Новость о смерти бабушки была настолько оглушительной, что и я, и Лара словно были контужены этим событием. Все, что нам говорили, звучало откуда-то издалека и, казалось, к нам не имеет отношения. Конечно, на автопилоте мы исполняли все соответствующие событию ритуалы, но в глубине души не осознавали, что это наша бабушка умерла, и что это ее мы скоро будем хоронить. Около гроба, как и положено, много плакали, а иногда и ревели. Обычно это начиналось, когда приезжал кто-то из родственников. Входящий пускал слезу, все остальные подхватывали. И так все три дня.
– Плачьте, девочки, плачьте, потом легче будет, – говорила нам соседка Лиза.
Она была одной из тех, кто не стал частью общего горя. Наоборот, Лиза активизировалась и взяла на себя все организационные моменты. Вместе с бабой Леной они ездили по магазинам, закупали еду для поминального обеда, заказывали надгробный памятник, писали некролог в местную газету. Последний, кстати, и стал причиной паломничества бывших учеников.

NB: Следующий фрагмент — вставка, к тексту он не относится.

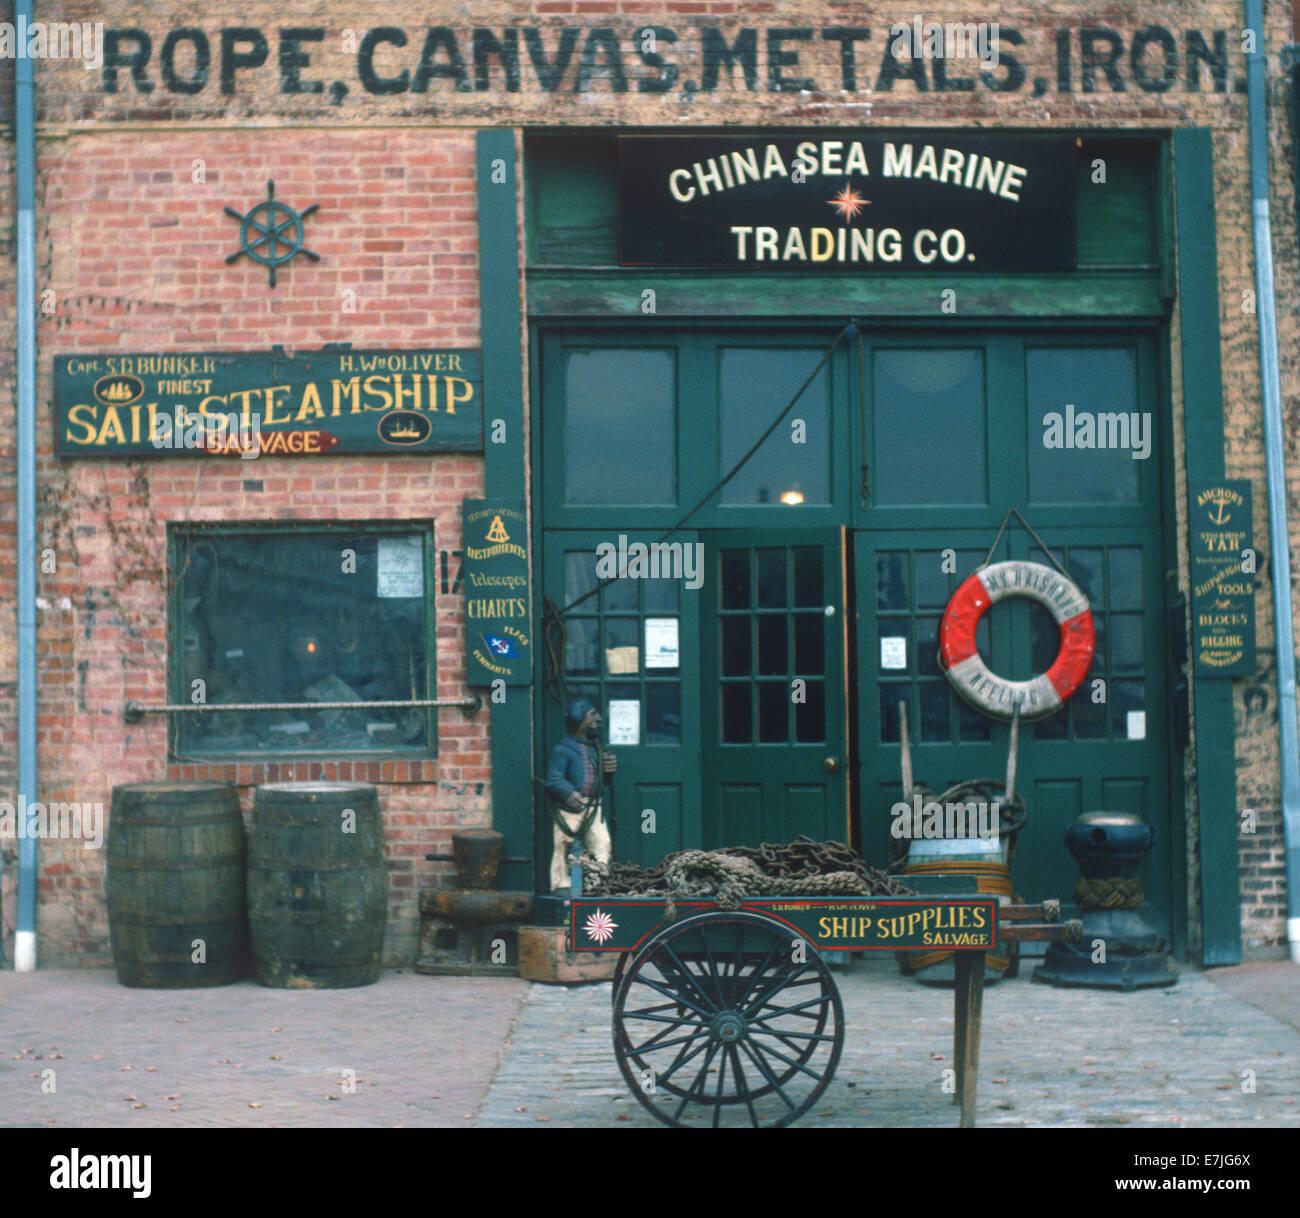 China Sea Marine Trading Company, Fells Point, Baltimore, Maryland - Stock Image

Полушепотом люди у гроба обсуждали тот факт, что тихая смерть бабушки во сне – верный знак того, что человеком она была хорошим. Было бы иначе, не послал бы бог такой смерти. Эту мысль в разных интерпретациях озвучивали несколько раз в день, и все соглашались.
Мы с Ларой несли дежурство у гроба по очереди. Если спала она, значит, рядом с бабушкой сидела я, если уходила я, она занимала мое место. О будущем мы не думали: жизнь без главы семейства была туманной, страшной и непредсказуемой.
В день похорон шел дождь, на кладбище собралось, наверное, человек сто, не меньше. Мы с Ларой держались друг за друга, словно боялись упасть в могилу вместе с бабушкой. Осознание, что она больше не с нами, пришло в момент, когда гроб закрыли крышкой. Когда сосед стал забивать гвозди, мы завыли. И вой этот подхватила добрая половина пришедших проводить бабушку в последний путь. Горе охватило нас только тогда, когда тело начали опускать в яму. Я безостановочно плакала, а Лара беспрестанно повторяла: «Прости, пожалуйста. Прости, пожалуйста». Просить прощения у покойных у нас считалось нормой. Этот обряд словно говорил о том, что покойный, что бы он ни совершил, фактом смерти делал себя правым, а все оставшиеся в живых с этим соглашались и просили прощения.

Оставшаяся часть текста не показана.